The rotation period of Jupiter is approximately 10 hours. Its mass and radius are \(318 M_{\mathrm{E}}\) and \(11.0 R_{\mathrm{E}}\), respectively \((\mathrm{E}=\) Earth). Calculate approximately its oblateness, neglecting the variation in density. (The observed value is about \(1 / 15\).)

Using Jupiter's rotation period of 10 hours, calculate the angular velocity \(\omega\): \(\omega = \frac{2\pi}{T}\) Where \(T\) is the rotation period (in seconds) and \(\omega\) is the angular velocity. First, we need to convert hours to seconds: \(10\,hours * 60\frac{minutes}{hour} * 60\frac{seconds}{minute} = 36000\,seconds\) Now, calculate \(\omega\): \(\omega = \frac{2\pi}{36000} \approx 1.747 \times 10^{-4} \frac{rad}{s}\)

Now, we'll use the formula for gravitational force for a rotating planet.

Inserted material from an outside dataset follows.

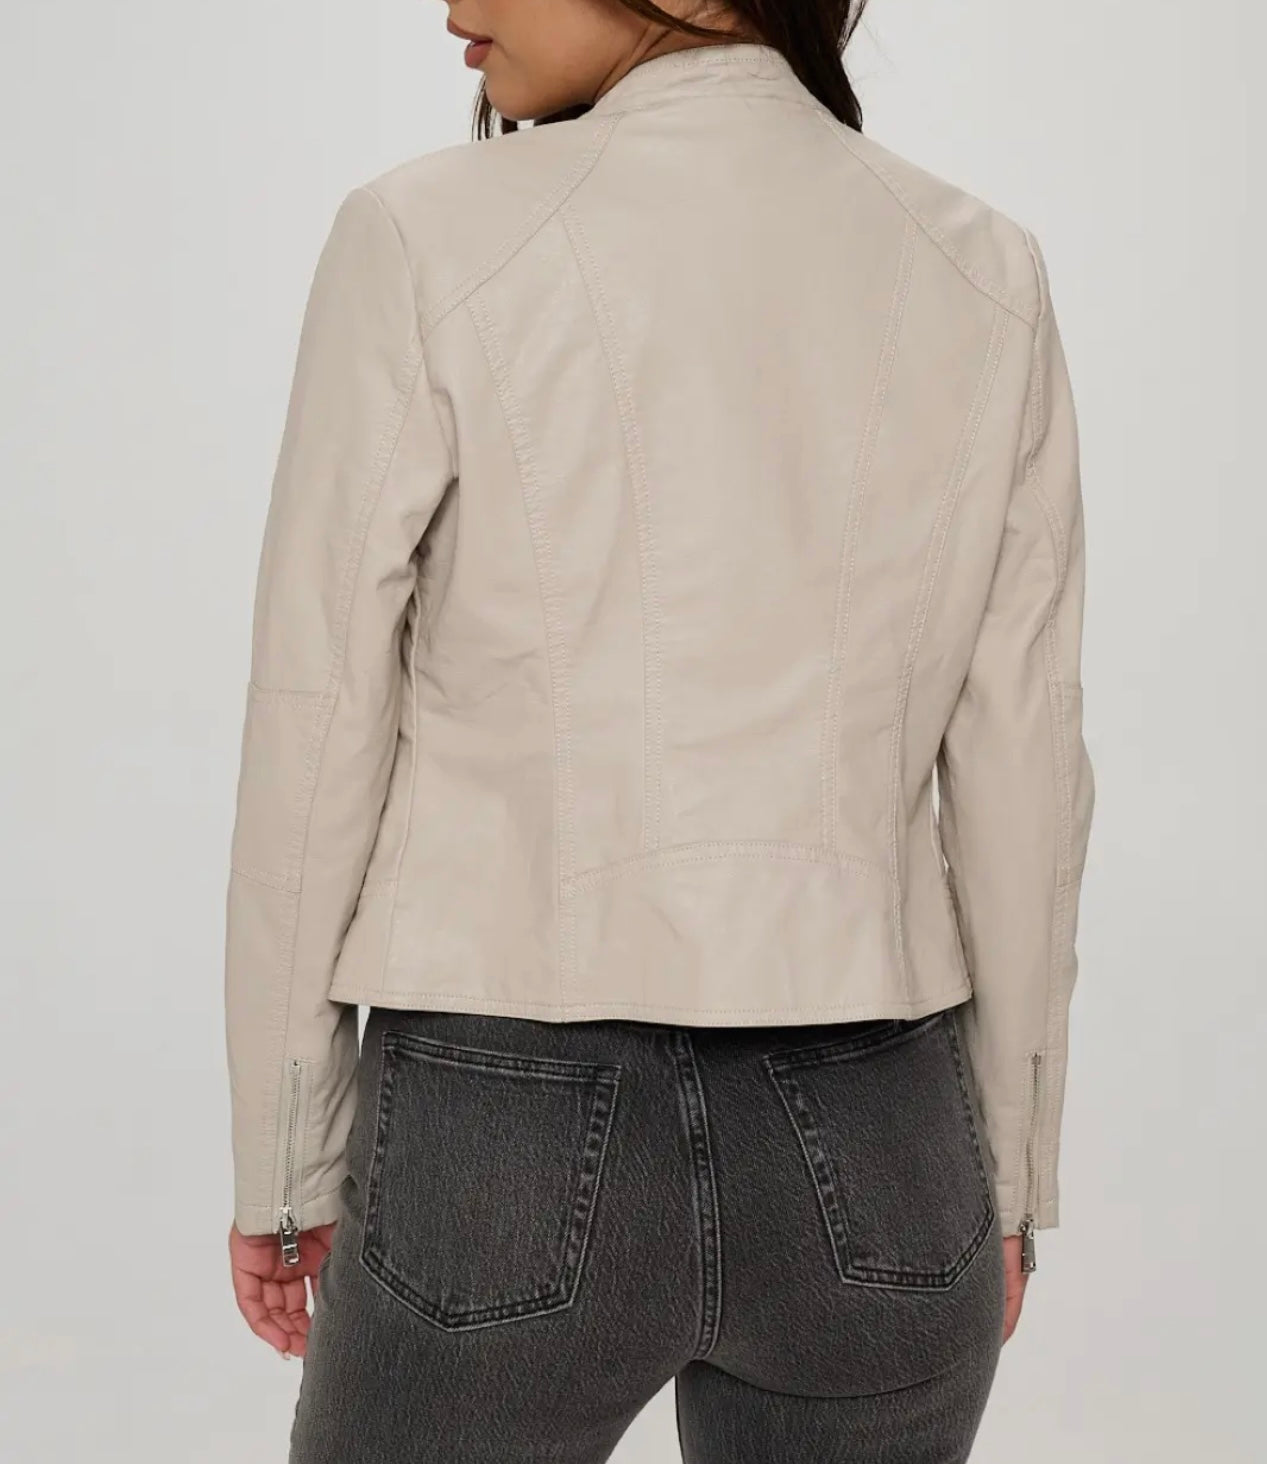 Classy Lady Cream Faux Leather Jacket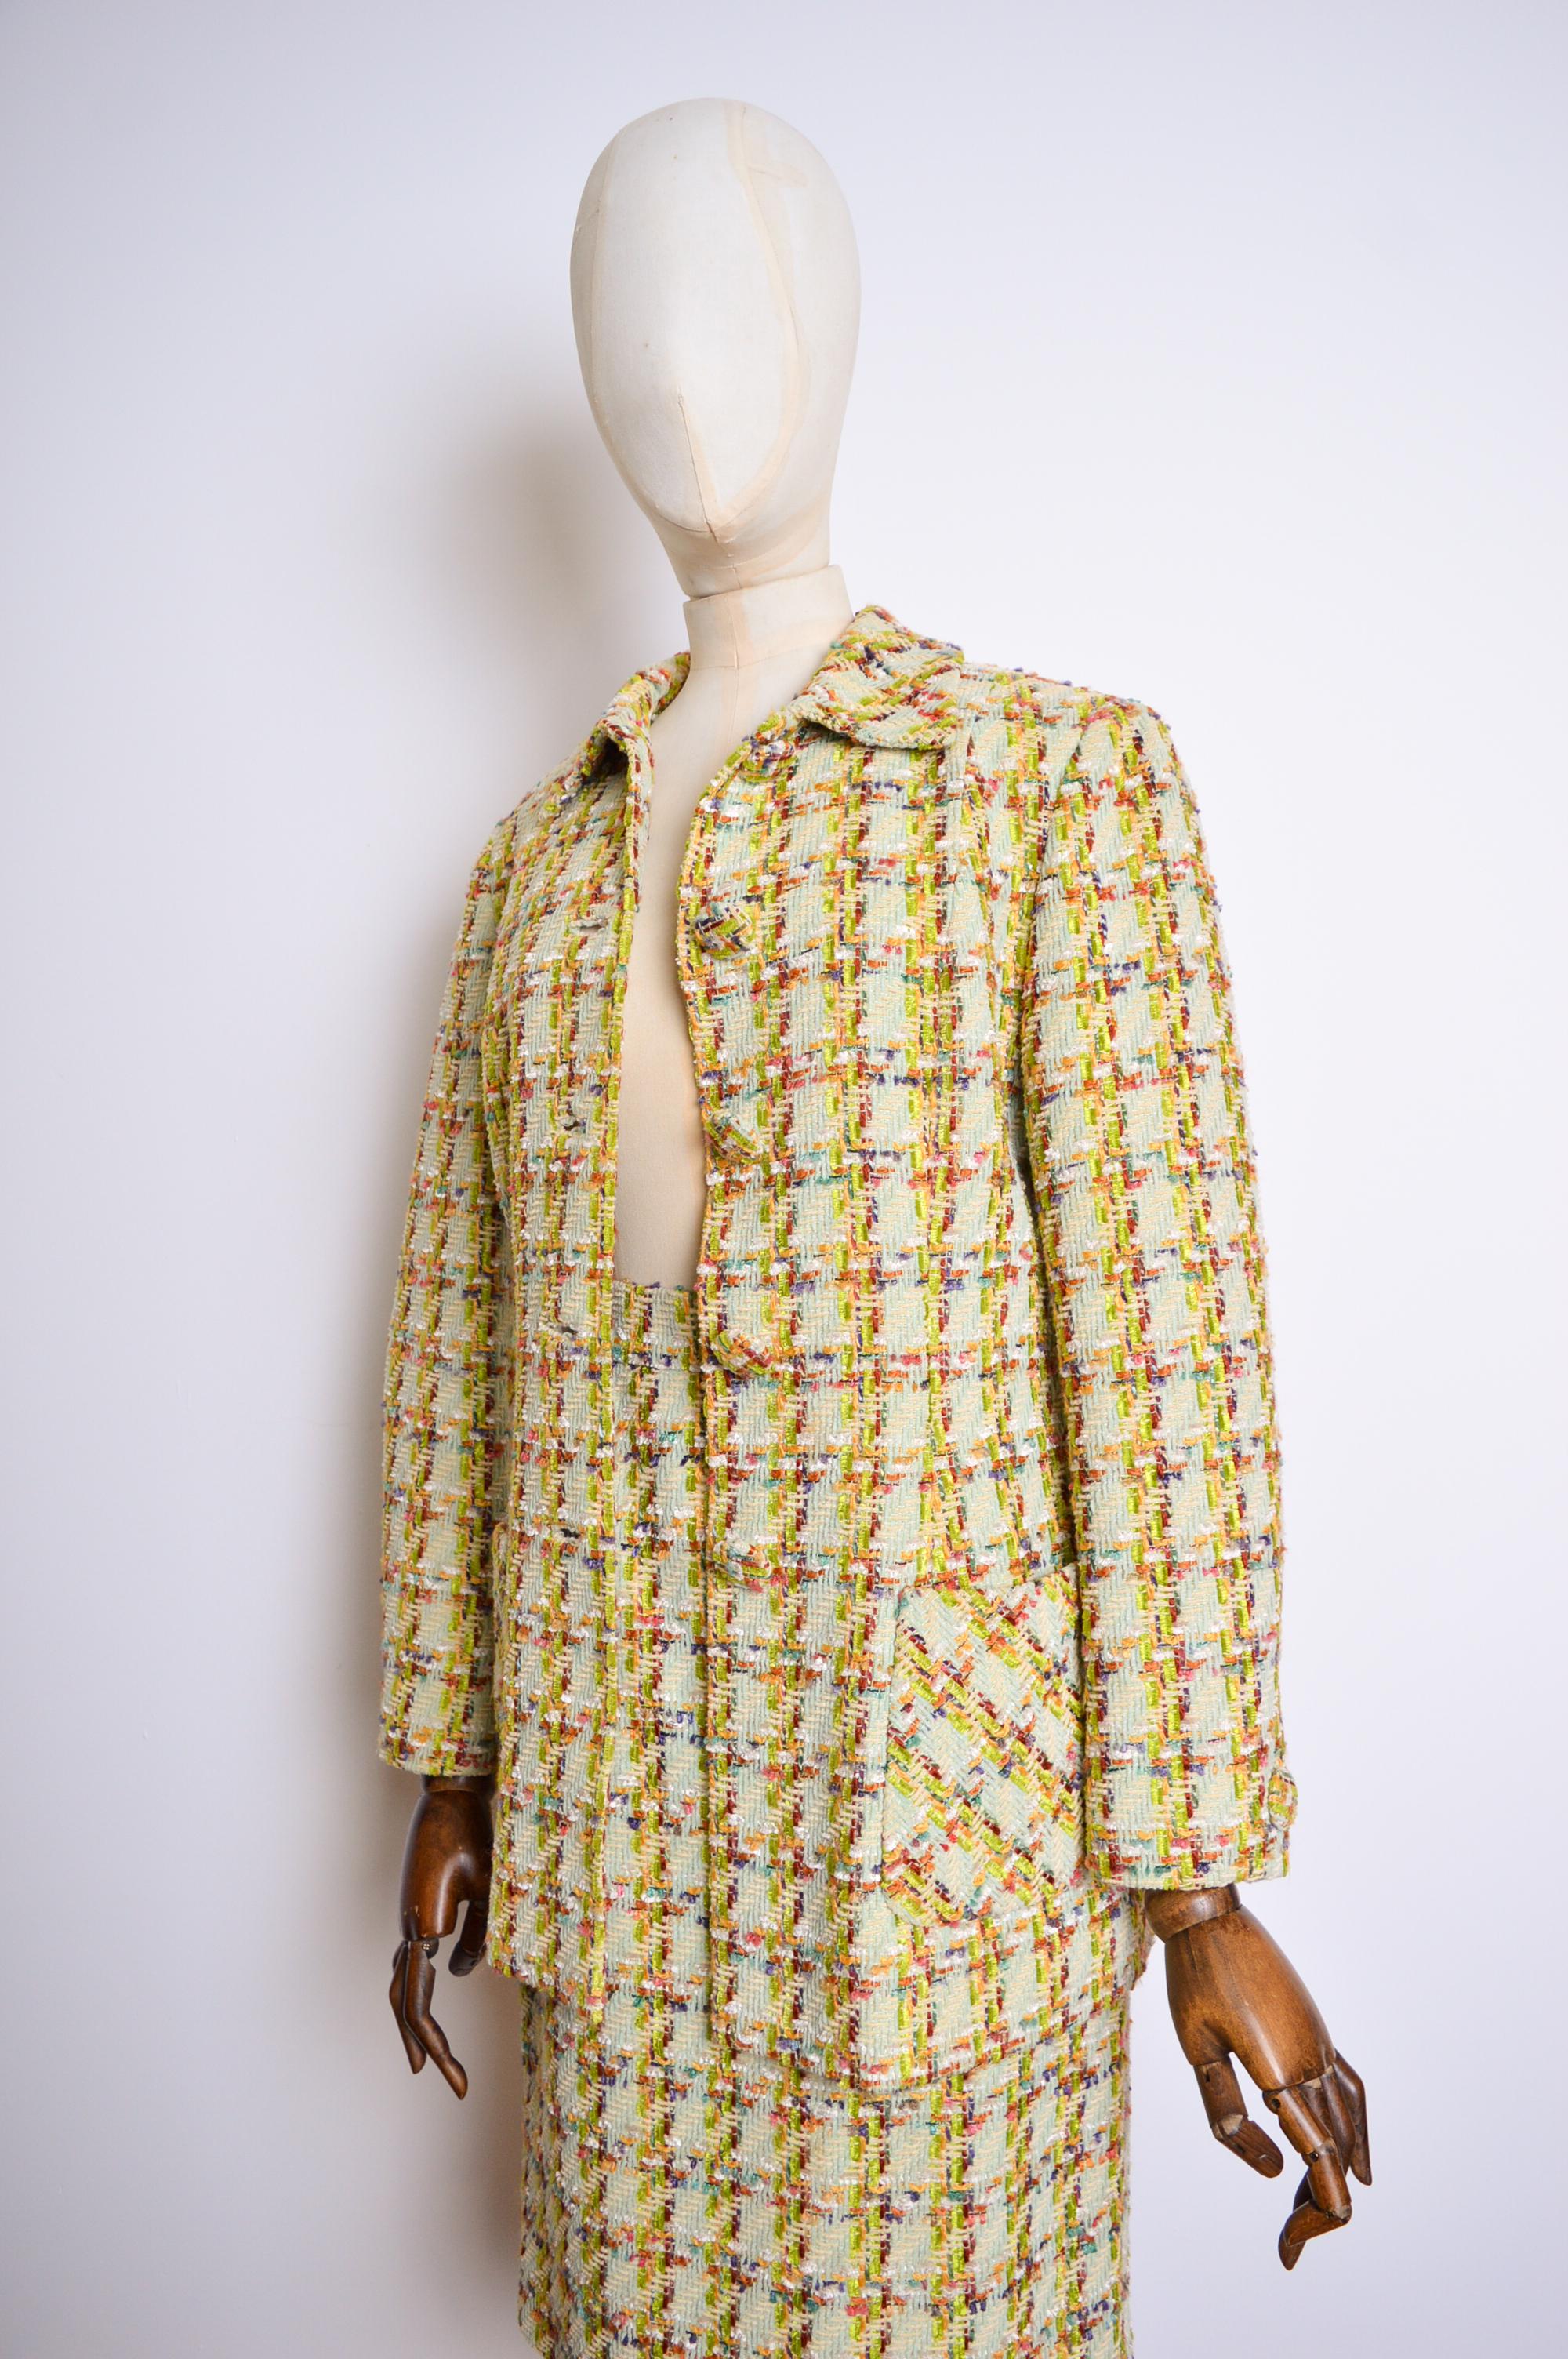 S/S 1993 ROCHAS Jewel Tone Lime Green Tweed Boucle Jacket & Skirt Matching Set For Sale 11

We'll assume a small mass \(m'\) (the test mass) at the equator: \(F = \frac{G.m.m'}{r^{2}} - m\omega^2r\) Note that \(m = 318 M_{E}\) and \(r = 11.0 R_{E}\). Let's plug in these values: \(F = \frac{G.(318 M_{E}).m'}{(11.0 R_{E})^{2}} - (318 M_{E})\omega^2(11.0 R_{E})\)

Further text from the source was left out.